[P]opulism is popular with the ruling class. Ever since I started covering politics, the Democratic ruling class has been driven by one fantasy: that voters will get so furious at people with M.B.A.’s that they will hand power to people with Ph.D.’s. The Republican ruling class has been driven by the fantasy that voters will get so furious at people with Ph.D.’s that they will hand power to people with M.B.A.’s. Members of the ruling class love populism because they think it will help their section of the elite gain power.
Because populism is espoused by different factions of the ruling class, it loses much of the economic class consciousness we should expect to see in authentic populism. Especially in its Republican form, it becomes a matter of cultural style. As Brooks puts it: populists (or pseudo-populists) of both major parties "describe politics as a class struggle between the enlightened and the corrupt, the pure and the betrayers."
Brooks is trying to warn both parties off the populist approach. Populism as a political strategy "is generally a history of defeat," he writes, because "voters aren't as stupid as the populists imagine." Never mind that the original Populists of the 1890s would not have claimed that voters were stupid; Brooks is referring to today's partisan pseudo-populists. When he describes the stupidity of 21st century populism, however, Brooks seems to be referring only to the anti-wealthy populism of liberals, progressives or Democrats, not the anti-"elitist" populism of Republicans, Tea Partiers and most conservatives. He does take a swipe at Sarah Palin's divisive populism, but his main beef against populism is over its fundamental hostility to concentrated wealth. Brooks is one Republican who embraces his party's Federalist and Whig heritage, citing Alexander Hamilton and Abraham Lincoln as two great "anti-populists." They resisted the populist (or proto-populist) temptations of their times and "were willing to tolerate the excesses of traders because they understood that no institution is more likely to channel opportunity to new groups and new people than vigorous financial markets." Neither man can be called a laissez-faire capitalist, but neither, according to Brooks, did they advocate class conflict.
In their view, government’s role was not to side with one faction or to wage class war.

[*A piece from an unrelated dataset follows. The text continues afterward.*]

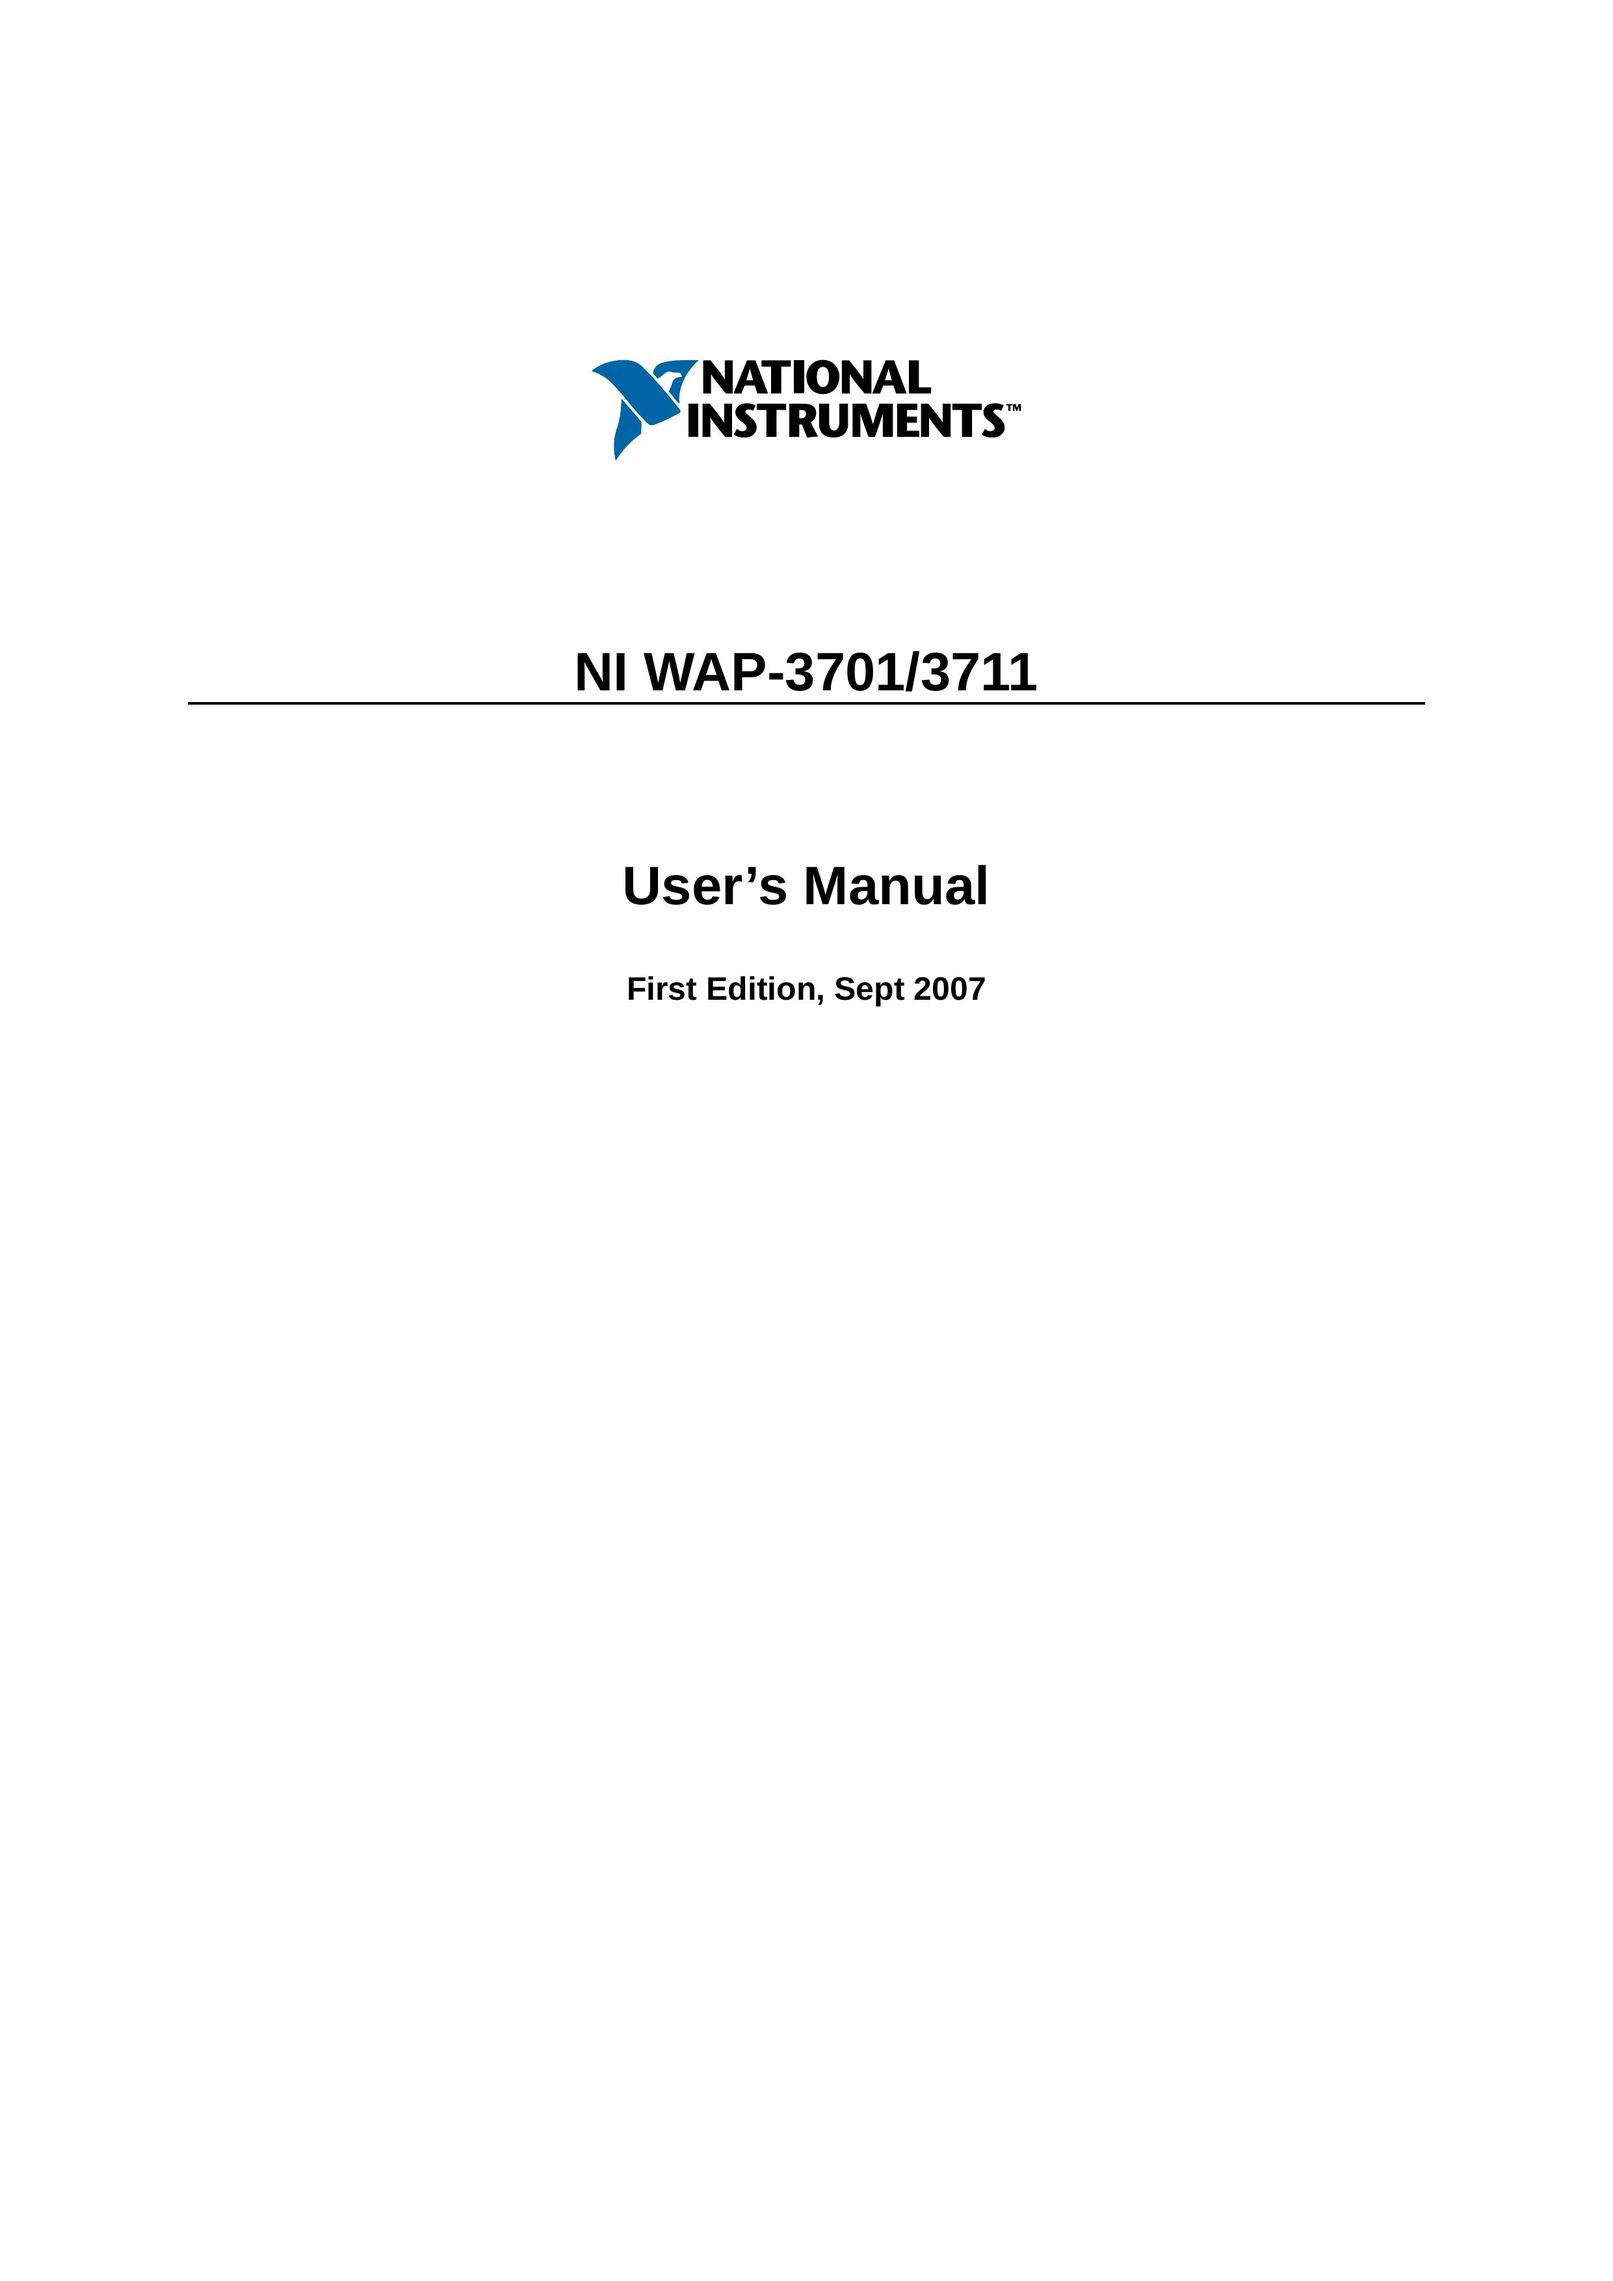 National Instruments WAP-3701 Network Router User Manual

It was to rouse the energy and industry of people at all levels. It was to enhance competition and make it fair — to make sure that no group, high or low, is able to erect barriers that would deprive Americans of an open field and a fair chance. Theirs was a philosophy that celebrated development, mobility and work, wherever those things might be generated.
That paragraph is hard to argue against, except that while it's never been government's business to incite class war, class war has a way of coming about whether governments will it or not, and while government should never side with any single faction on an unconditionally consistent basis, it does have an obligation to decide where justice lies in any conflict among American interests and to judge accordingly. Sometimes something that looks like populism, and offends some observers for that reason, may just be simple justice. If that be "populism," make the most of it.